- **WHAT IS NEEDED**
Every line of the records below that holds the word "Cover" should be copied out.

- **GIVEN ENTRIES**
· · · · ·

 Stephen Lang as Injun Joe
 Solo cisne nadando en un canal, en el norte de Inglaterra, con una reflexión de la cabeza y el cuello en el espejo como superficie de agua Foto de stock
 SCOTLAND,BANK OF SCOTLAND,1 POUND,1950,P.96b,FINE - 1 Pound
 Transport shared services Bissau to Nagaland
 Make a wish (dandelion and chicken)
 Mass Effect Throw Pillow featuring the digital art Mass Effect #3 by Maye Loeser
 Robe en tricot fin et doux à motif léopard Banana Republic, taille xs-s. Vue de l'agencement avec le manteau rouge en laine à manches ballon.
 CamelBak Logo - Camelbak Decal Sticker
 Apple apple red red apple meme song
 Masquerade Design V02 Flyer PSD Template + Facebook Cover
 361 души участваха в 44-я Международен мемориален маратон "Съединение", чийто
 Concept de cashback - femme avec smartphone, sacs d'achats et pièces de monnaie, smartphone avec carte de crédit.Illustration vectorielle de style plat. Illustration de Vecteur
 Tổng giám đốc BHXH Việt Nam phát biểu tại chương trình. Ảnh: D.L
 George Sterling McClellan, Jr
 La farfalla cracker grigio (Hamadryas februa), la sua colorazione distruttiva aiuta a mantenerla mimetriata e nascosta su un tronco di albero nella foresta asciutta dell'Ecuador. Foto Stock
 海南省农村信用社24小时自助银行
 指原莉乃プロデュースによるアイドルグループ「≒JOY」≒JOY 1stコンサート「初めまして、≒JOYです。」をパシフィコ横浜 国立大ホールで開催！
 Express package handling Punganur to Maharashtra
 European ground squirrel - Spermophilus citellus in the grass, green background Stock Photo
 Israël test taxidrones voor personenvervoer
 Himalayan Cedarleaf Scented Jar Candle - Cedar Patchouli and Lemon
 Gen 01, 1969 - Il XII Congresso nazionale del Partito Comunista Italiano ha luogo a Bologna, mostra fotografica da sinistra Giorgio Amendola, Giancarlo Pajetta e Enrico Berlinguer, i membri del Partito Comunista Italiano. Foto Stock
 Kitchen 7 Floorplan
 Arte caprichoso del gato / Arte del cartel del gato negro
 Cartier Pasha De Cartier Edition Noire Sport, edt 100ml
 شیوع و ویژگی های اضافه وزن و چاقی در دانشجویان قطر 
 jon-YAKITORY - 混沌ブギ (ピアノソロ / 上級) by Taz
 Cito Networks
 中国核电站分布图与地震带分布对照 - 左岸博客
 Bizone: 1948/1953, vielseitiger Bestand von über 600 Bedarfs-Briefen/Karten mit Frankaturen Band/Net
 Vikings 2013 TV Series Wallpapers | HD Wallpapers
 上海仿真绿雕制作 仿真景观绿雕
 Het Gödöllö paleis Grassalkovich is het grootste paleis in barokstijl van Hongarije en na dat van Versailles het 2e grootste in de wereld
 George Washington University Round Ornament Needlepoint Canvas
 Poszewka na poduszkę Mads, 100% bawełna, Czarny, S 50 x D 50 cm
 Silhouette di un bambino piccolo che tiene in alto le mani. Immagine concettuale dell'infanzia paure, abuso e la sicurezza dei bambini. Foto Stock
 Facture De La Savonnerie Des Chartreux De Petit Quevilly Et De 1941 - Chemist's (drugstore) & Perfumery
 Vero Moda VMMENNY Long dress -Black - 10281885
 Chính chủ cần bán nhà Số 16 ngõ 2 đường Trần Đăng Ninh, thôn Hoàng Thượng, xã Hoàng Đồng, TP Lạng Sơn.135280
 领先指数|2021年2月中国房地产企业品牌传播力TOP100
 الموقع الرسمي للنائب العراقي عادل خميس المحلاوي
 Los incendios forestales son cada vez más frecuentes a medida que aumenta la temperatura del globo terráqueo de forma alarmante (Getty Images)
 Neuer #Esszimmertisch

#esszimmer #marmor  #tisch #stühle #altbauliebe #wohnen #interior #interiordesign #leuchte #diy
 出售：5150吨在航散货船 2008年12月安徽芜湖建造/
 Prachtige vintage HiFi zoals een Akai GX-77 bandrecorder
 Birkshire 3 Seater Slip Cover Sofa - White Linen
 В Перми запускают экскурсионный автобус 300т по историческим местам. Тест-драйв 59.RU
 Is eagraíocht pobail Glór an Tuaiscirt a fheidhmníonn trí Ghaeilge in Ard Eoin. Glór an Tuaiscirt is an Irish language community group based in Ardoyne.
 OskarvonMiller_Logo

· · · · ·

- **RESPONSE BOX**
 Masquerade Design V02 Flyer PSD Template + Facebook Cover
 Birkshire 3 Seater Slip Cover Sofa - White Linen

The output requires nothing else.